## To do
Return exactly the span of lines in the following data that opens with the line containing "Expedited shipping methods" and closes with the line containing "Deuter Streamer Flask". Include nothing else.

## Entries shown
::::::

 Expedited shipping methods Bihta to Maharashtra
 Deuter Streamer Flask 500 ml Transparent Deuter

::::::

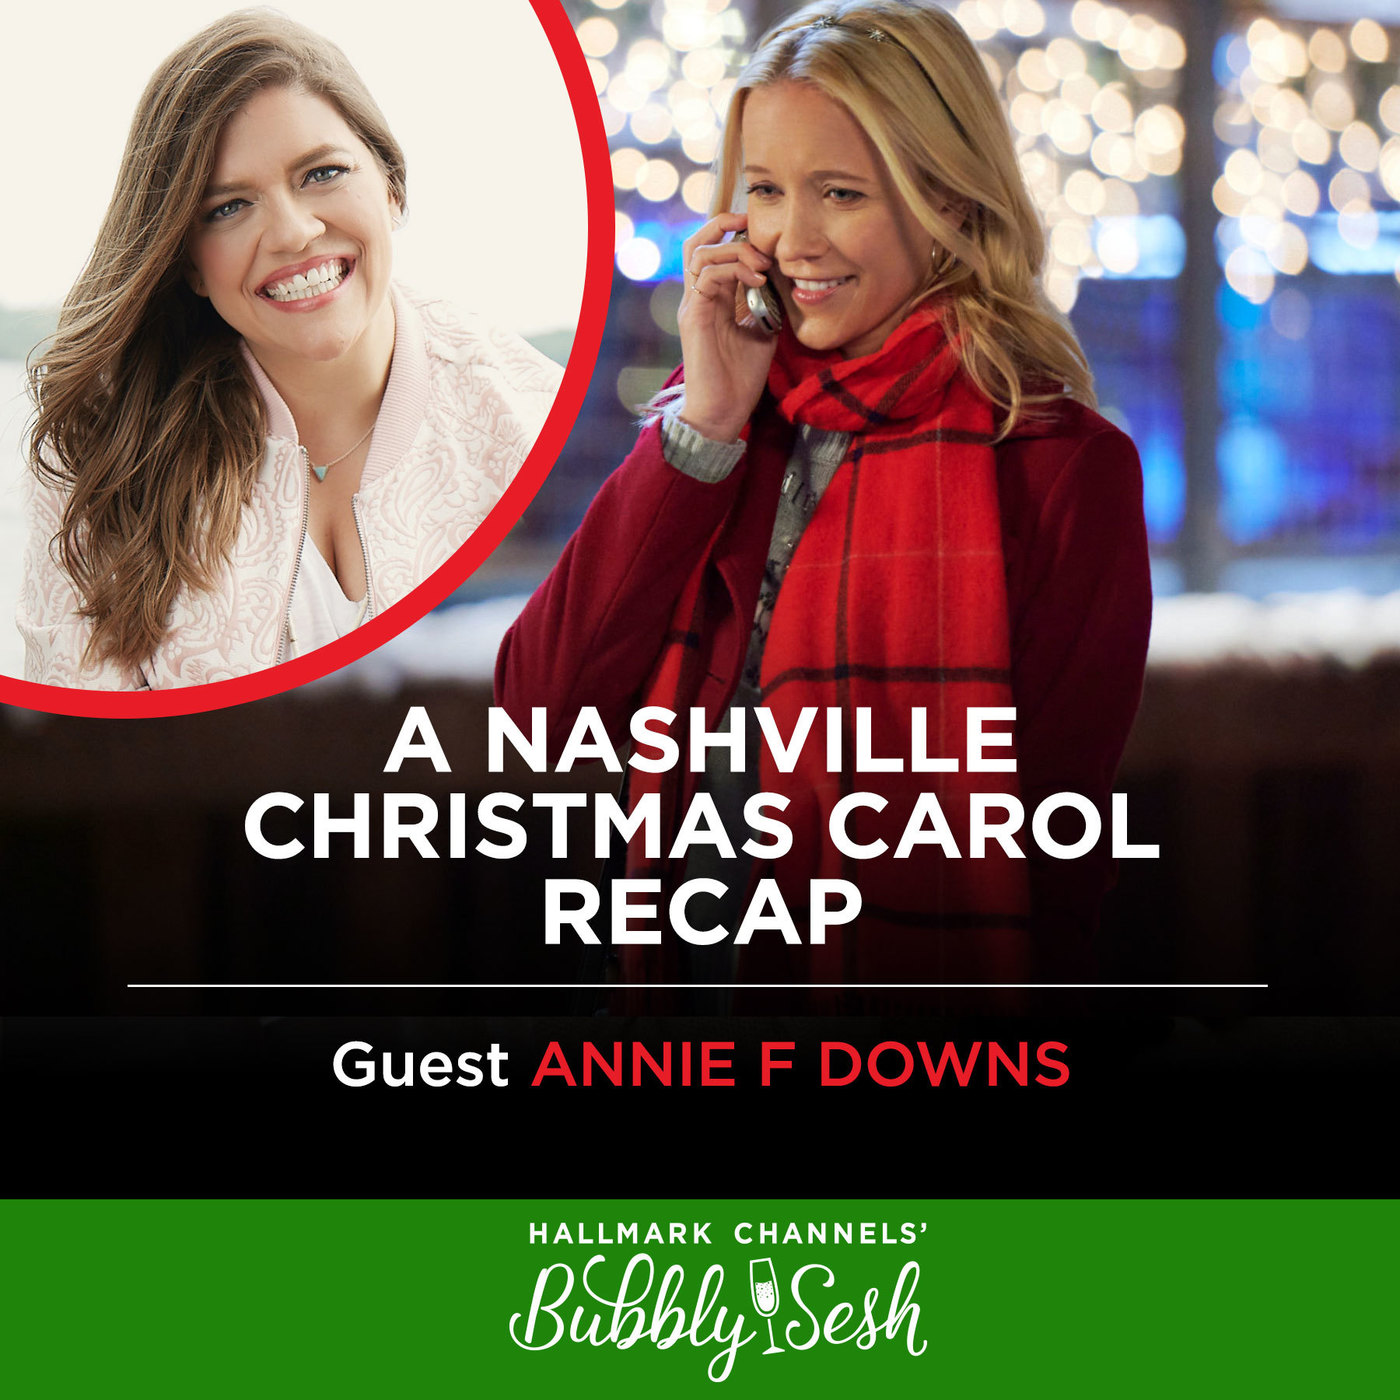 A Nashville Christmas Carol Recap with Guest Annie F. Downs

::::::

## Task solution
 Expedited shipping methods Bihta to Maharashtra
 Deuter Streamer Flask 500 ml Transparent Deuter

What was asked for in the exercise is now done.